To take into account the effects of both lift and drag, figure 14(c) shows the changes in the lift-to-drag ratio in the $\theta$ – $Lr$ space. It can be found that the distribution of the lift-to-drag ratio closely resembles that of the lift. Within the range of $10^\circ \lt \theta \lt 60^\circ$ , filaments of specific lengths have the potential to enhance the lift-to-drag ratio of the system compared with the bare plate. However, it is evident that enhancing the lift-to-drag ratio imposes stricter requirements on filament length compared with increasing lift. A significant improvement in the lift-to-drag ratio is only observed when $Lr\leqslant 1.5$ . Longer filaments do not contribute to an improved lift-to-drag ratio. Then, the presence of the filaments can also increase the value of $\theta$ corresponding to the maximum lift-to-drag ratio. For instance, the maximum lift-to-drag ratio for the plate occurs at $\theta =15^\circ$ , whereas that for filaments with $Lr=1.0625$ and $1.25$ are $20^\circ$ and $30^\circ$ , respectively.
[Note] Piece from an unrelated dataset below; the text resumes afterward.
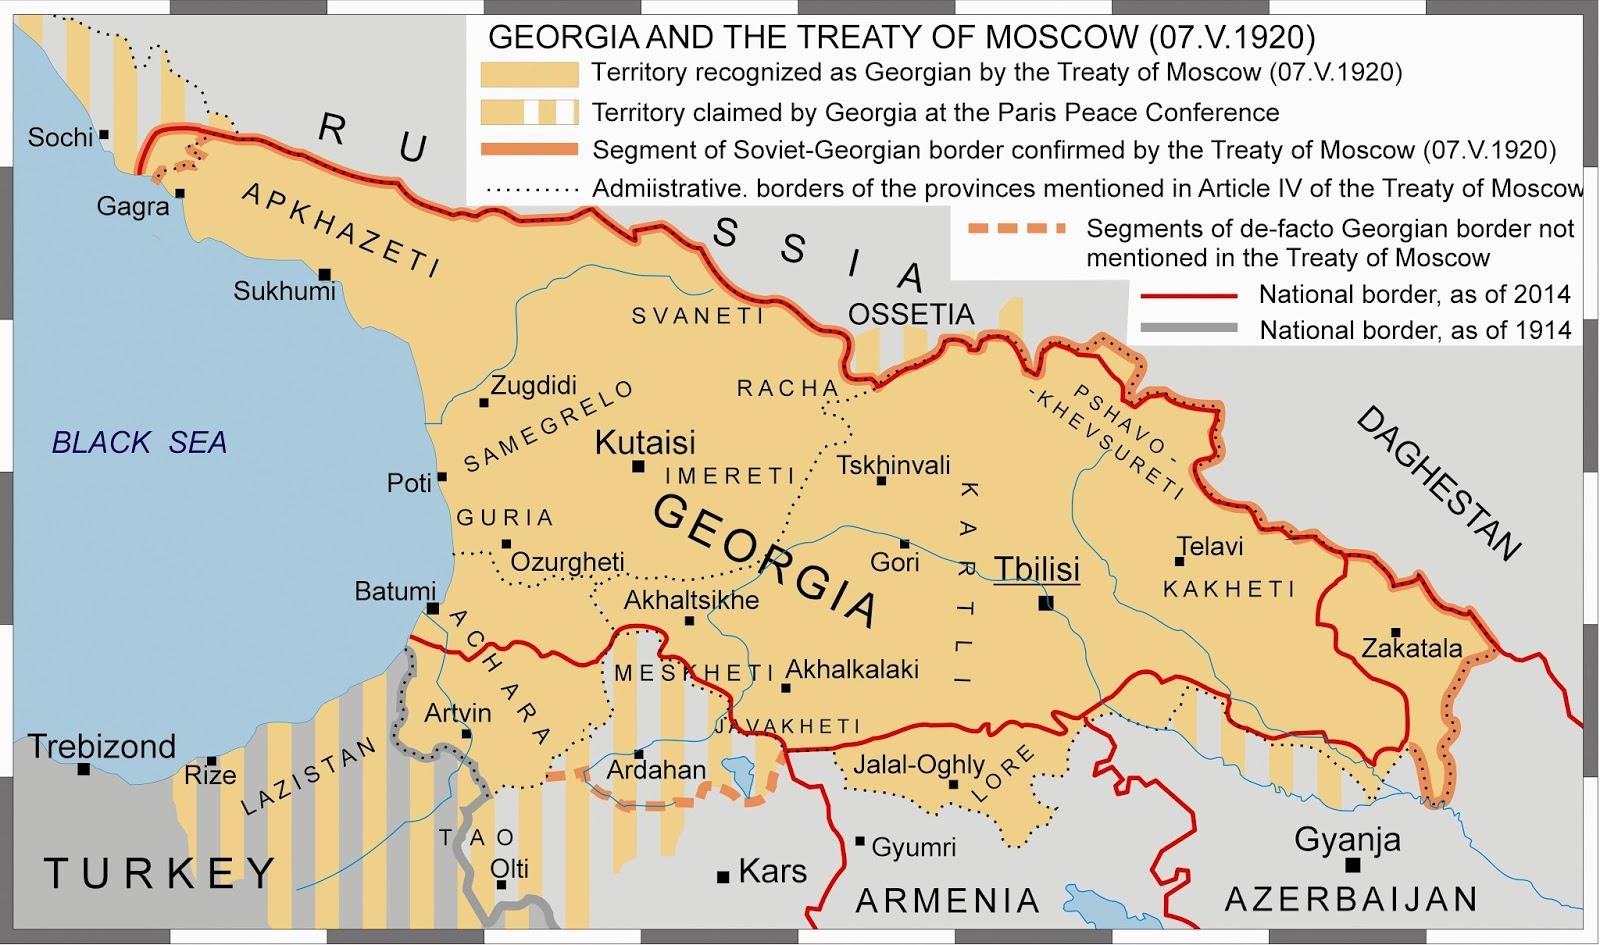 king john iii sobieski and the battle of vienna 12 09 1683 andrew andersen

Additionally, it can be observed that $Lr=1.0625$ is an optimal length, which allows the filament to achieve the maximum lift-to-drag ratio within the range of $10^\circ {-}30^\circ$ . Notably, at $\theta =20^\circ$ , this length yields the maximum value of 1.88 in the parameter space. However, for scenarios where $\theta$ exceeds $30^\circ$ , a higher $Lr$ is required to ensure the maximum lift-to-drag ratio. Based on the simulation results, $Lr=1.0625$ and $1.125$ are two suitable filament lengths that can ensure optimal outcomes within $10^\circ {-}40^\circ$ . It is important to note that $Lr=1.0625$ is the smallest filament length employed in this numerical study and this length is sufficiently small to reveal the relevant rules of lift-to-drag ratio enhancement. Similar to the lift distribution, regions with a high lift-to-drag ratio correspond to the SBE mode at larger $\theta$ and the FLA mode at smaller $Lr$ , while the filament in other motion modes has no beneficial impact. However, the key difference is that the peak of the lift-to-drag ratio occurs in the SBE mode rather than the FLA mode. This is because, although the lift is greater in the FLA mode, the drag is also significantly higher due to the larger $\theta$ . Consequently, the lift-to-drag ratio is not as high. In contrast, within the SBE mode, although the lift is relatively small, the drag is also minimal, resulting in a higher lift-to-drag ratio.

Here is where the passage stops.